References: [1] Context result 1: Oral retinoids have been the most effective medical treatment for keratosis follicularis (Darier disease), achieving some reduction of symptoms in 90% of patients. [4] Context result 4: Topical corticosteroids and emollients have also been used to alleviate inflammation and manage symptoms. [15] Context result 15: Vitamin A therapy has been reported to be helpful, but not all individuals with keratosis follicularis respond to this treatment.

Recommended Medications

  • oral retinoids
  • topical corticosteroids and emollients
  • vitamin A therapy

đź’Š Drug information is sourced from ChEBI (Chemical Entities of Biological Interest) database. Always consult with a healthcare professional before starting any medication. Click on any medication name for detailed information.

Differential Diagnosis

Differential Diagnosis of Keratosis Follicularis

Keratosis follicularis, also known as Darier disease, is a rare genetic skin disorder that can be challenging to diagnose due to its similarity with other conditions. The differential diagnosis for keratosis follicularis includes:

  • Acrokeratosis Verruciformis of Hopf: This condition presents with hyperkeratotic papules on the extremities and trunk, similar to keratosis follicularis.
  • Familial Benign Pemphigus: A rare genetic disorder characterized by blistering skin lesions that can be mistaken for keratosis follicularis.
  • Hailey-Hailey disease: Another rare genetic skin disorder that presents with blistering skin lesions, similar to keratosis follicularis.
  • Lichen spinulosus: A condition characterized by small, rough papules on the skin that can be confused with keratosis follicularis.
  • Pityriasis rubra pilaris: A rare genetic disorder that presents with scaly, red patches on the skin that can be similar to keratosis follicularis.

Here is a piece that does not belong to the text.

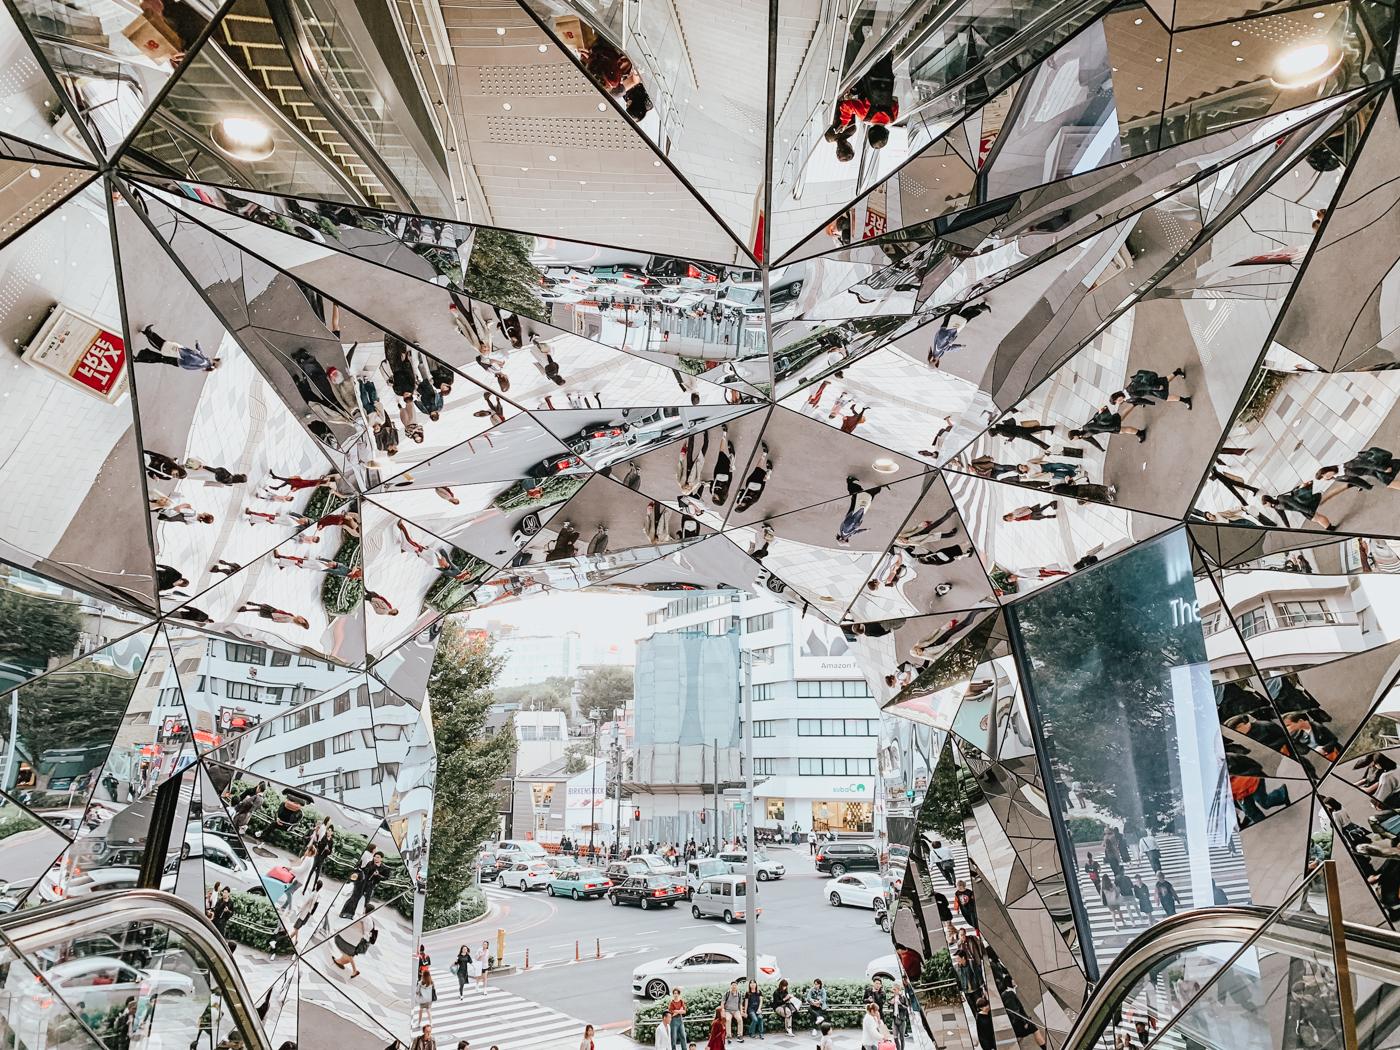 Tokyo Plaza Omotesando Harajuku - Mirrored escalator entrance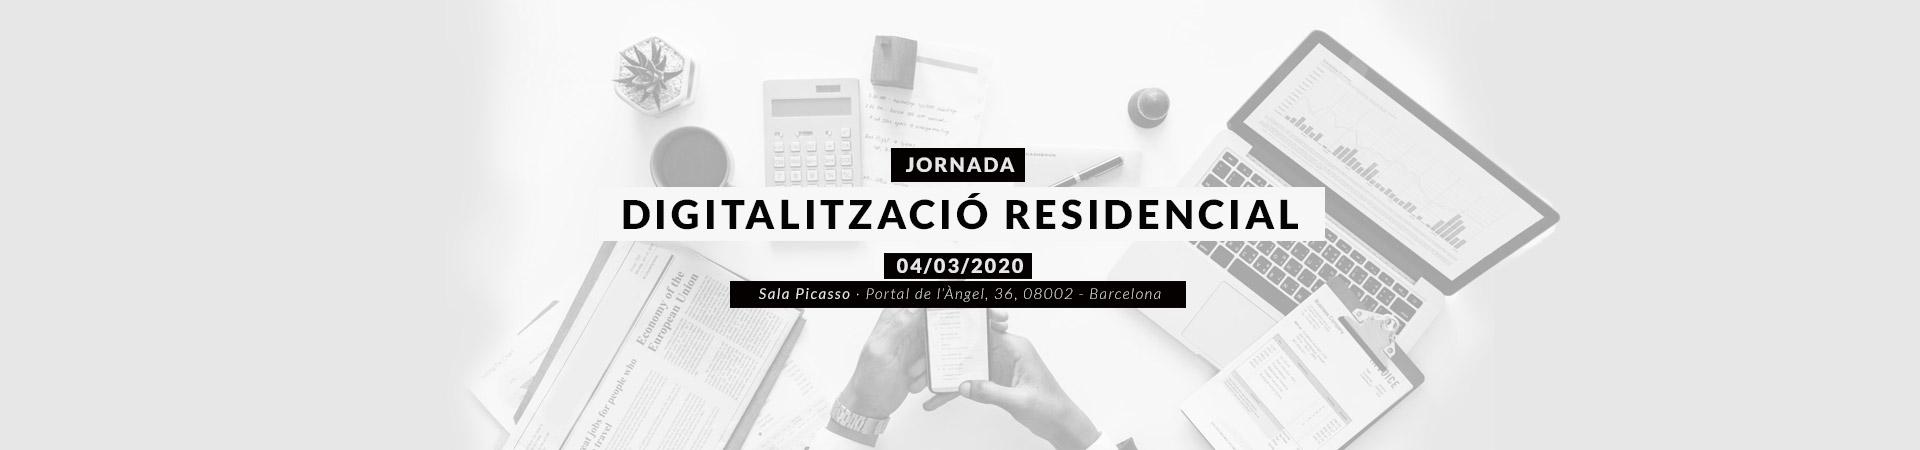 Slide-JornadaDigitalizacionResidencial-202003-ca

To differentiate these conditions from keratosis follicularis, a thorough clinical examination and histopathological evaluation are necessary. The presence of specific features such as:

  • Suprabasal acantholysis: A characteristic histopathological feature of keratosis follicularis.
  • Clefting with retained single layer of basal keratinocytes: A distinctive histopathological feature of keratosis follicularis.

can help in making an accurate diagnosis. [1][2][3][4][5]

References:

[1] Ringpfeil, F, Raus, A, DiGiovanna, JJ, Korge, B, Harth, W, Mazzanti, C. “Darier disease – novel mutations in ATP2A2 and genotype-phenotype correlation”.

[2] Sakuntabhai, A, et al. "Darier's disease: a review of the literature." British Journal of Dermatology 141.4 (1999): 645-653.

[3] Darier disease pathology, Keratosis follicularis pathology. Authoritative facts from DermNet New Zealand.

[4] INTRODUCTION. Darier disease, also known as Darier-White disease, keratosis follicularis, or dyskeratosis follicularis (MIM #124200), is a rare autosomal dominant genodermatosis characterized by a persistent eruption of red-brown or hyperpigmented, keratotic papules scattered to confluent in a seborrheic distribution; nail abnormalities; pitting of palms and soles; and mucosal changes [].

[5] Darier disease (DD), also known as keratosis follicularis or dyskeratosis follicularis, is a rare autosomal dominant genodermatosis with high penetrance and variable expressivity.